Exercise data:
┌──

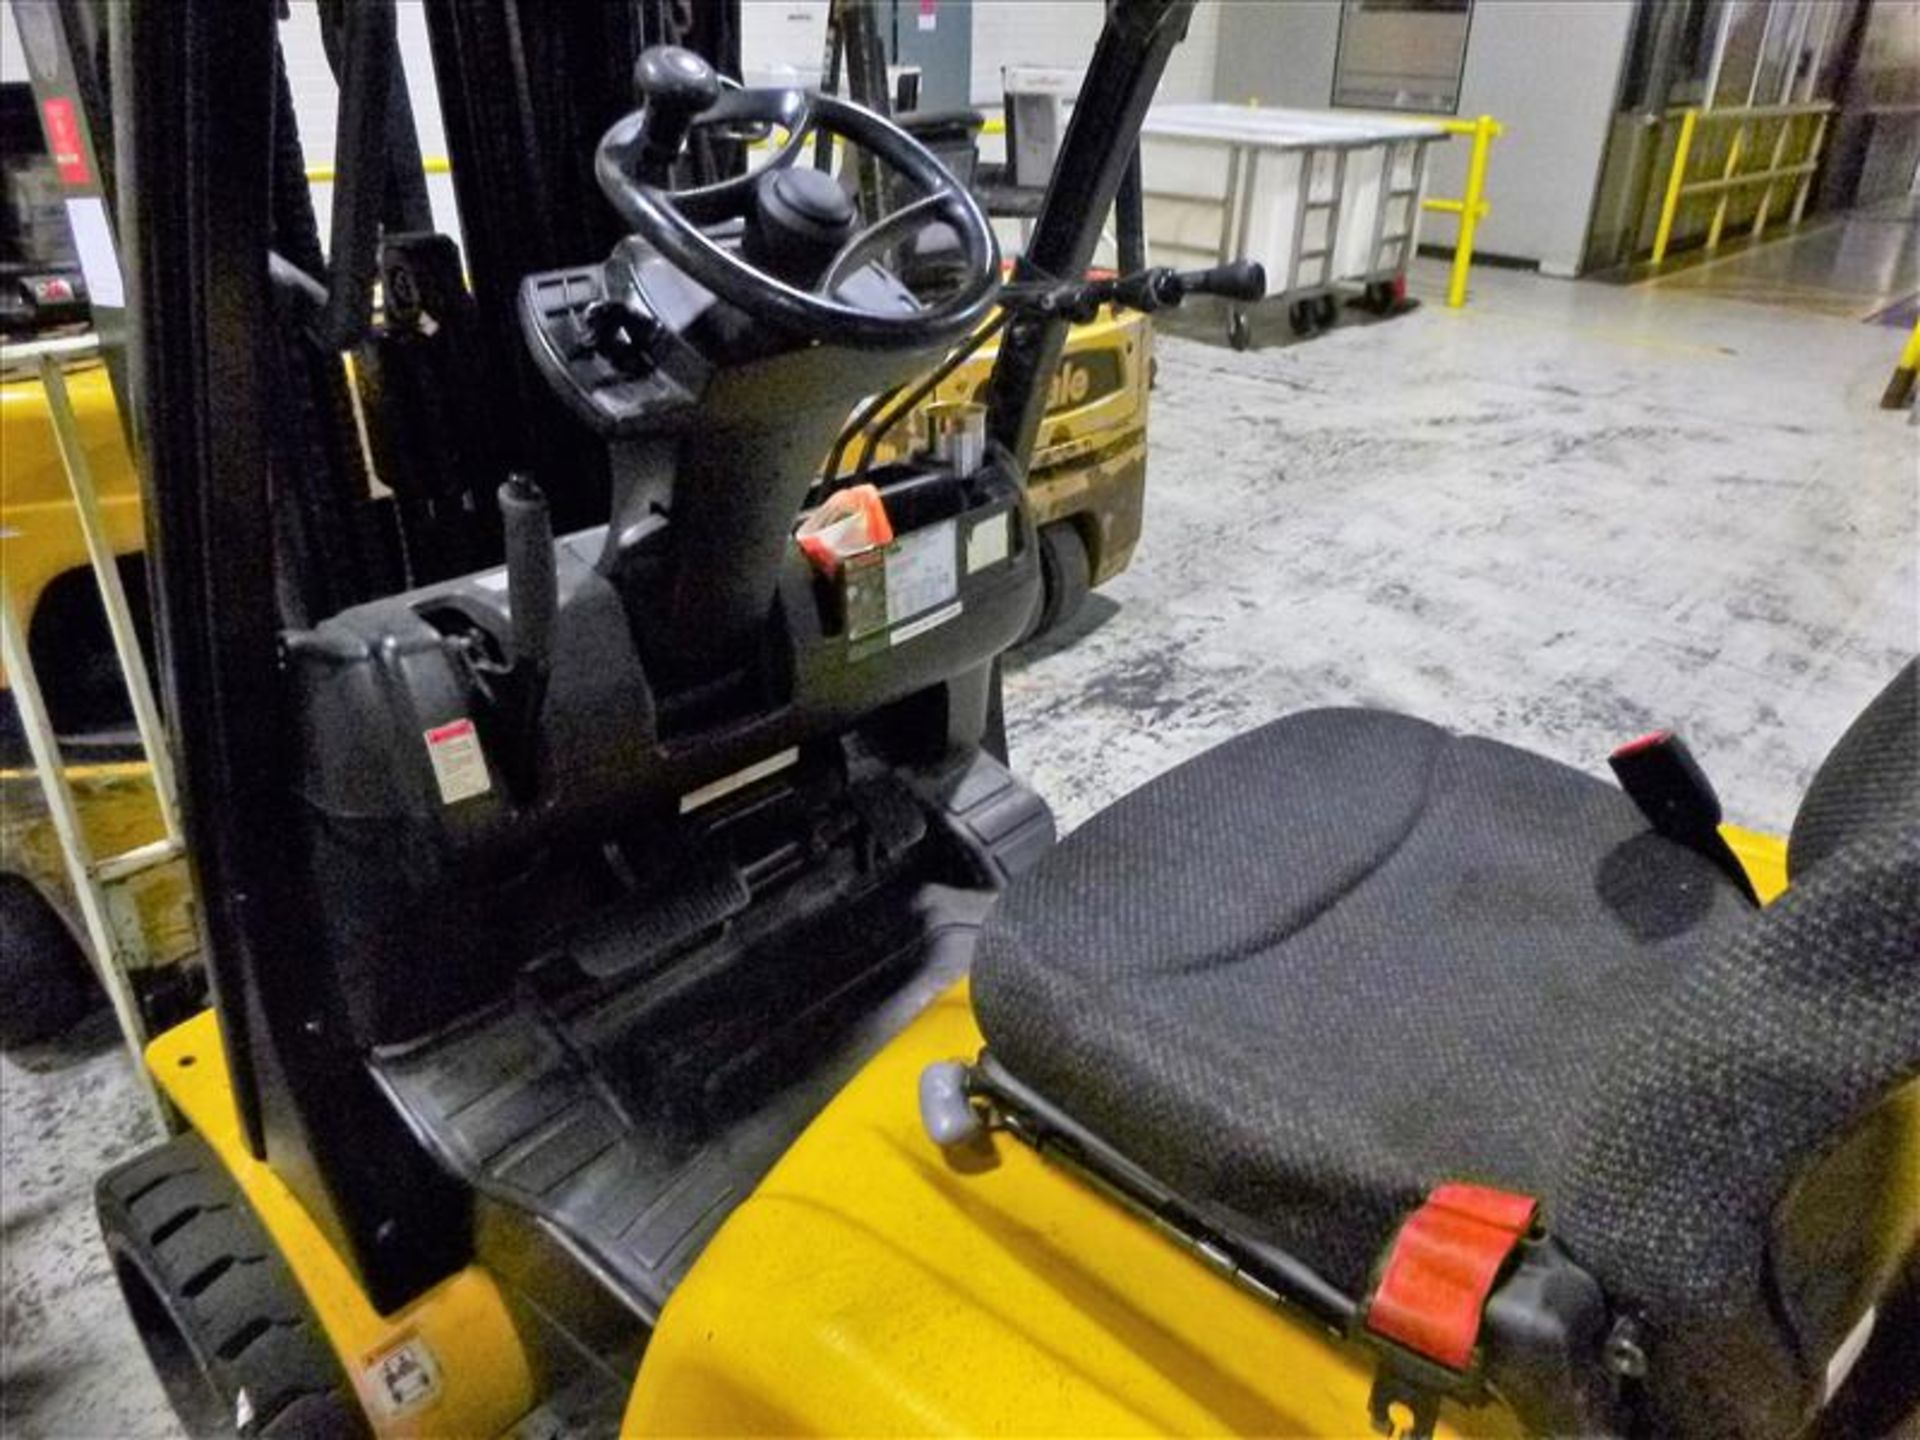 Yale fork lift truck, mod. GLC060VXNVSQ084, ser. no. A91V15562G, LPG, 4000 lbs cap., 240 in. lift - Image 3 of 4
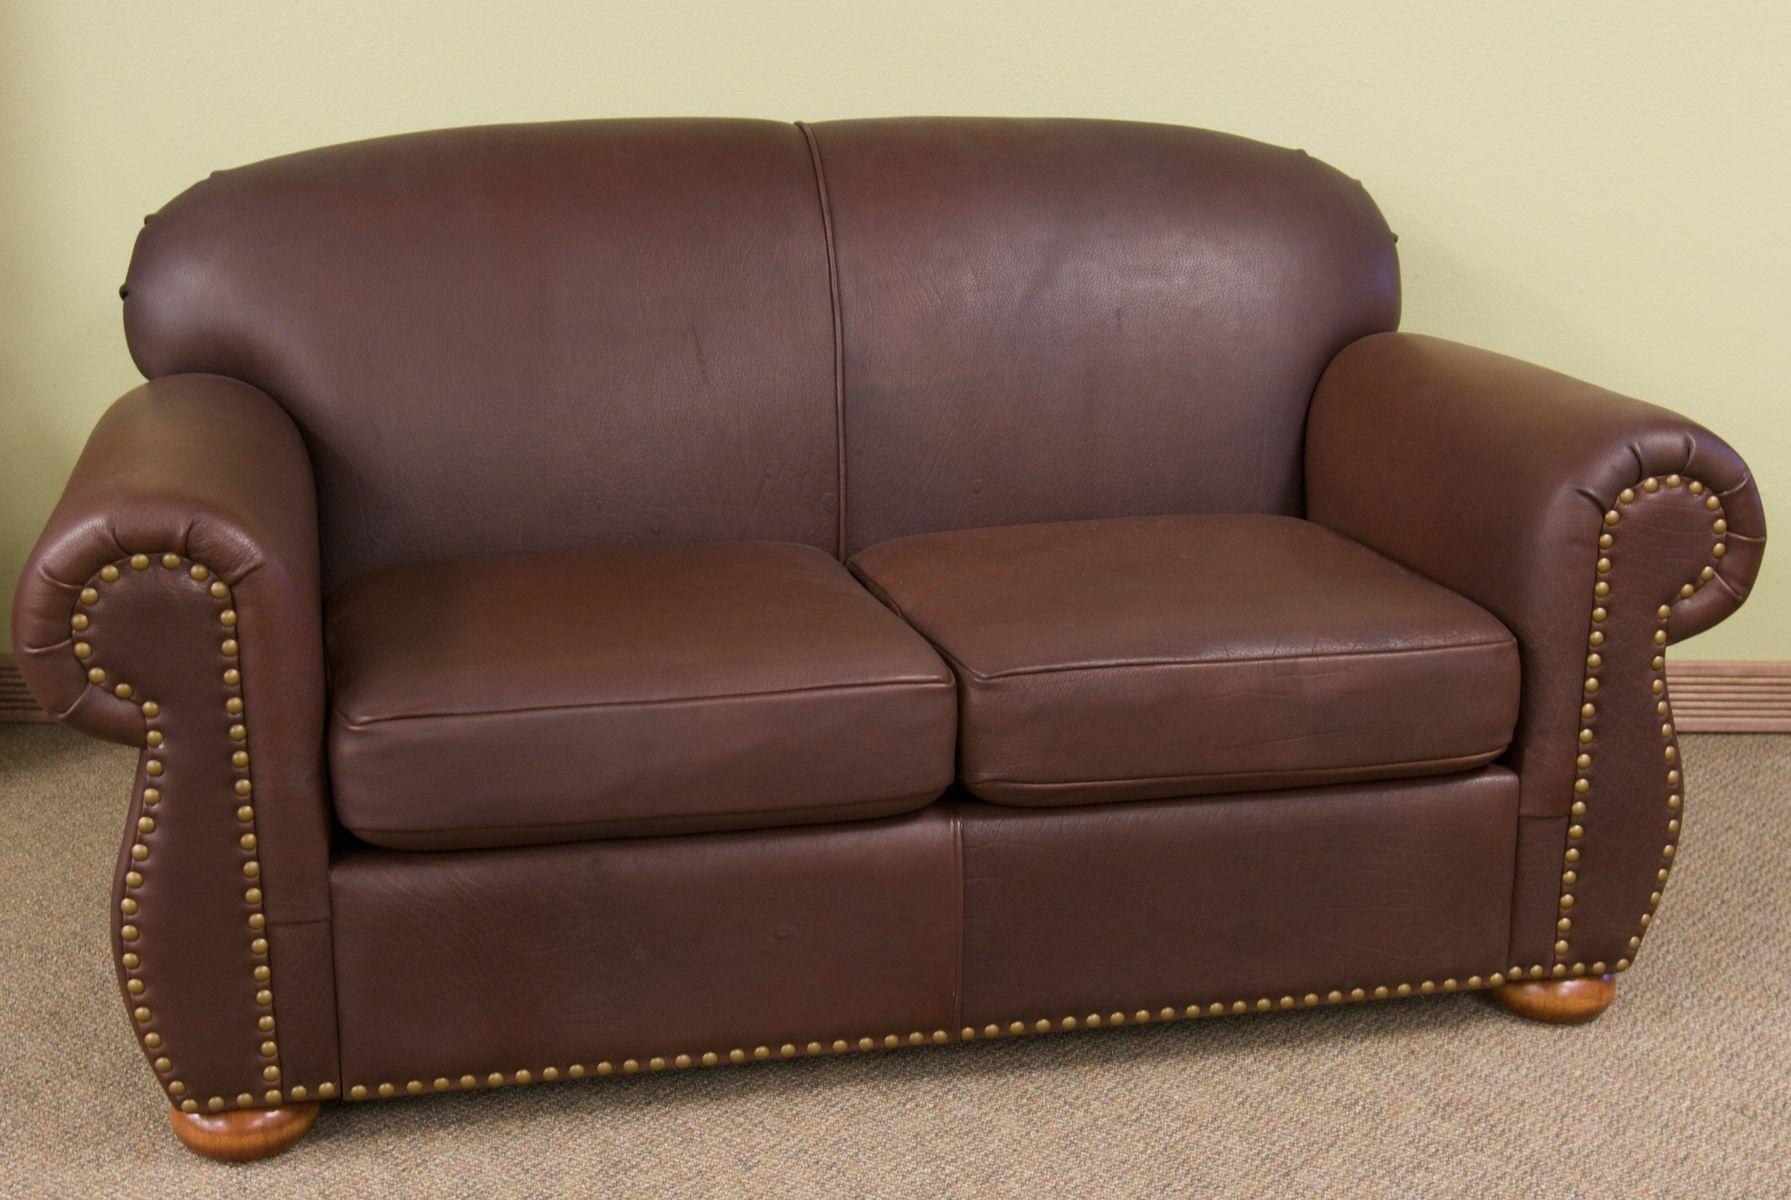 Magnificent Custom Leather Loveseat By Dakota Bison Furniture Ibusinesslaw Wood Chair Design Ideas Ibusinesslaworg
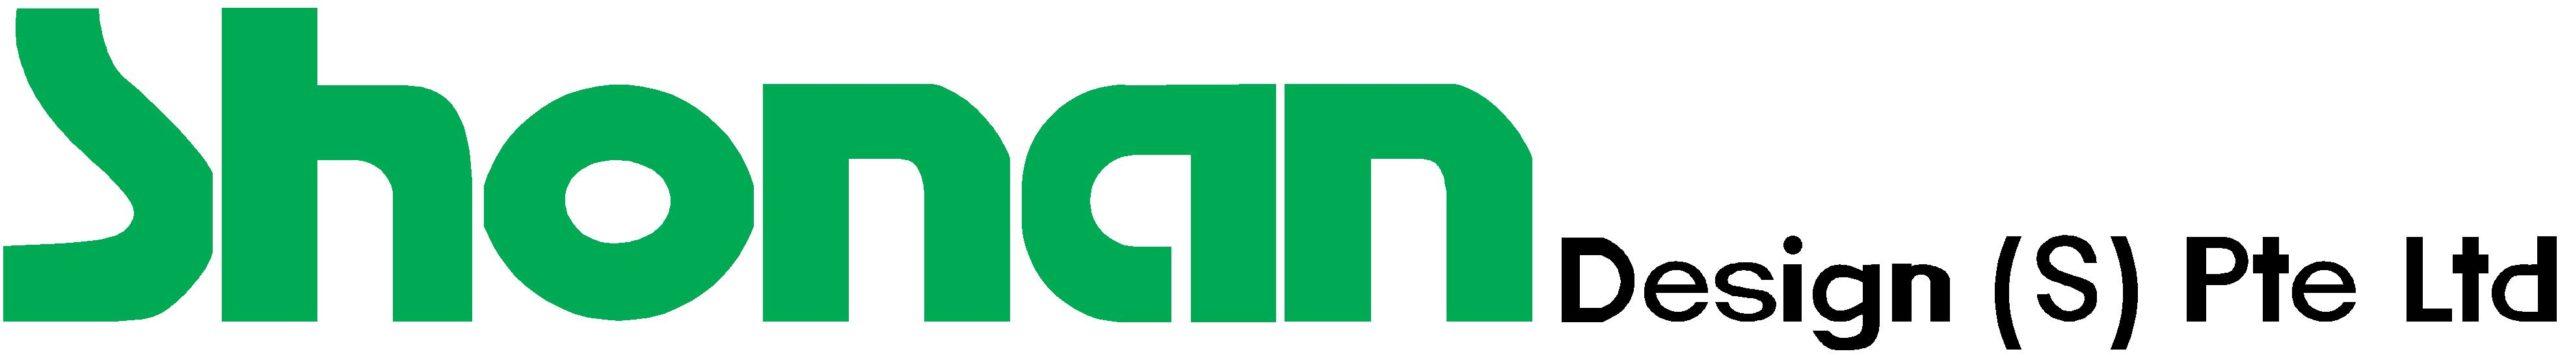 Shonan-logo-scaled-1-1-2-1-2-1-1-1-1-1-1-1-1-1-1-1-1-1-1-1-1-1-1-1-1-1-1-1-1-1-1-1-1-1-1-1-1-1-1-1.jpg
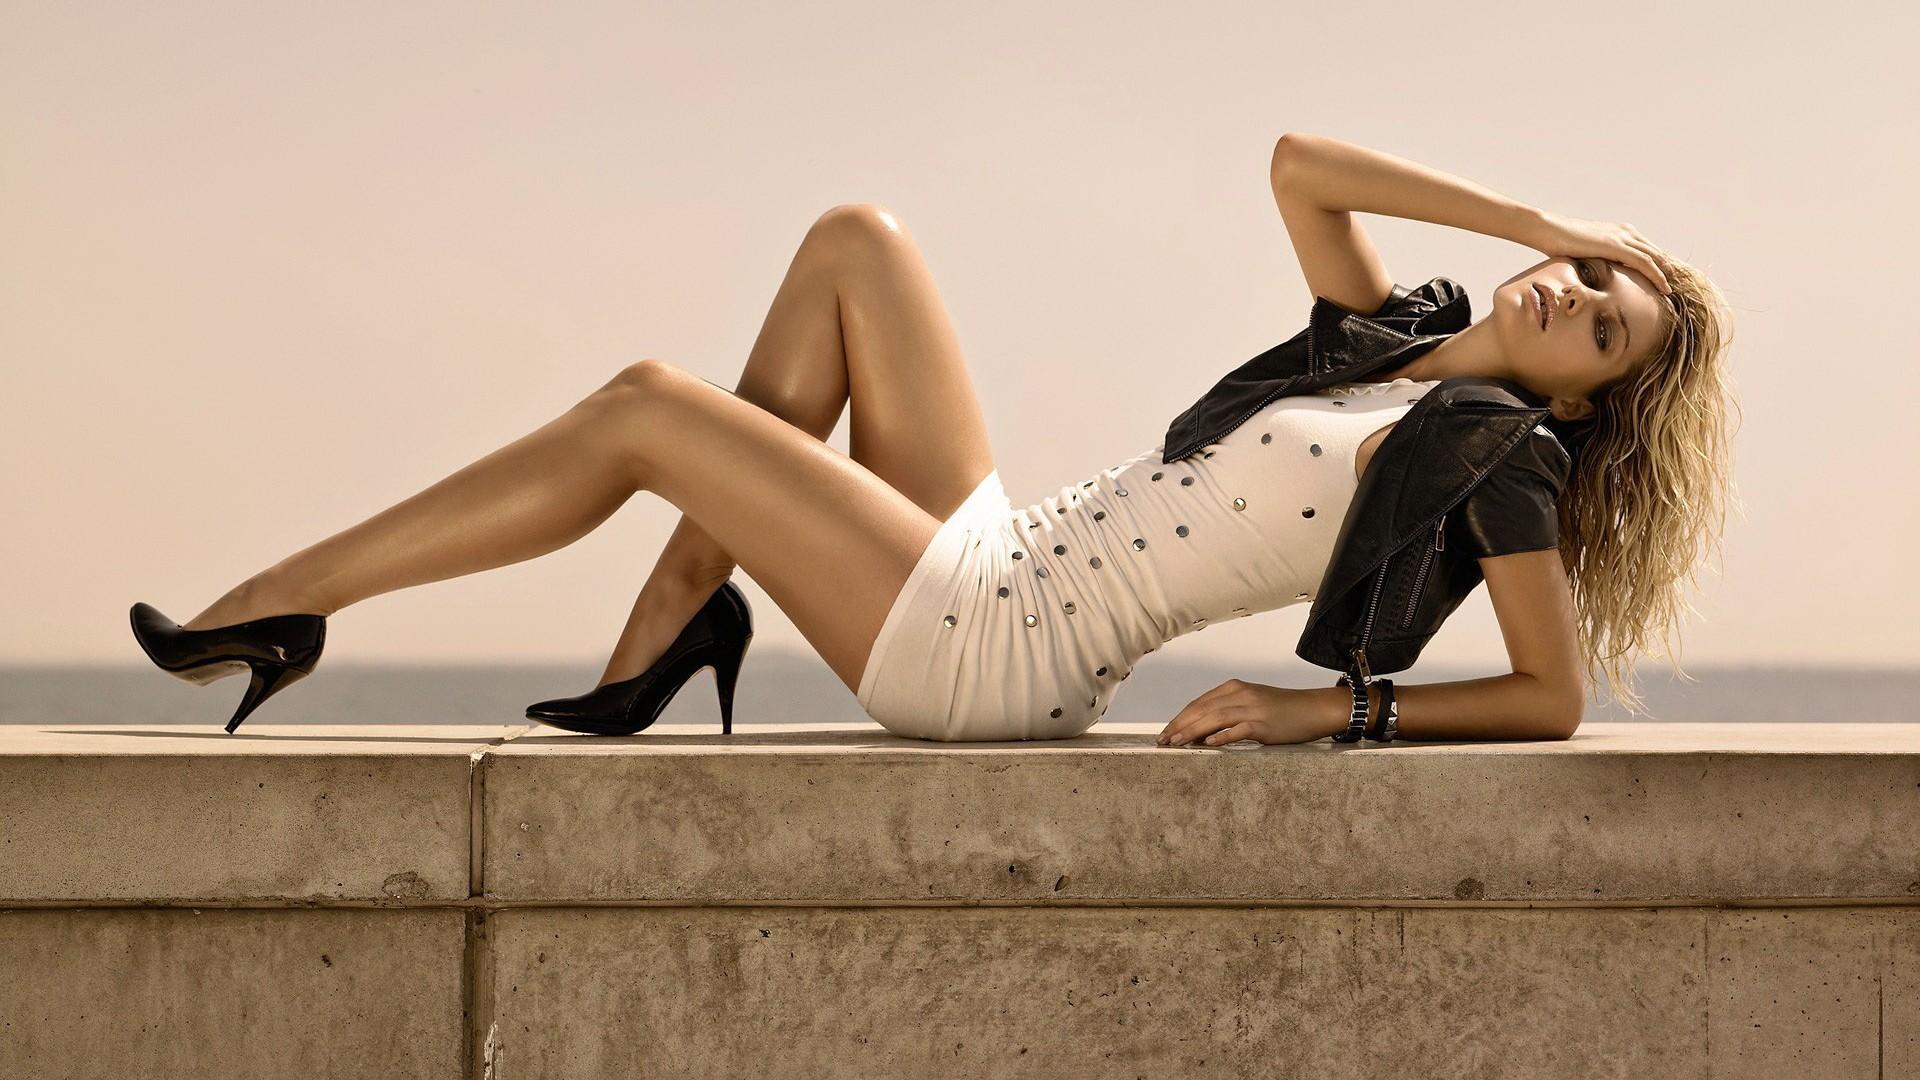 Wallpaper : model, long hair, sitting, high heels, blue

└──

Problem to solve: The result should be the same data as above, line for line, with the pictures gone.

Result of this exercise:
 Yale fork lift truck, mod. GLC060VXNVSQ084, ser. no. A91V15562G, LPG, 4000 lbs cap., 240 in. lift - Image 3 of 4
 Magnificent Custom Leather Loveseat By Dakota Bison Furniture Ibusinesslaw Wood Chair Design Ideas Ibusinesslaworg
 Shonan-logo-scaled-1-1-2-1-2-1-1-1-1-1-1-1-1-1-1-1-1-1-1-1-1-1-1-1-1-1-1-1-1-1-1-1-1-1-1-1-1-1-1-1.jpg
 Wallpaper : model, long hair, sitting, high heels, blue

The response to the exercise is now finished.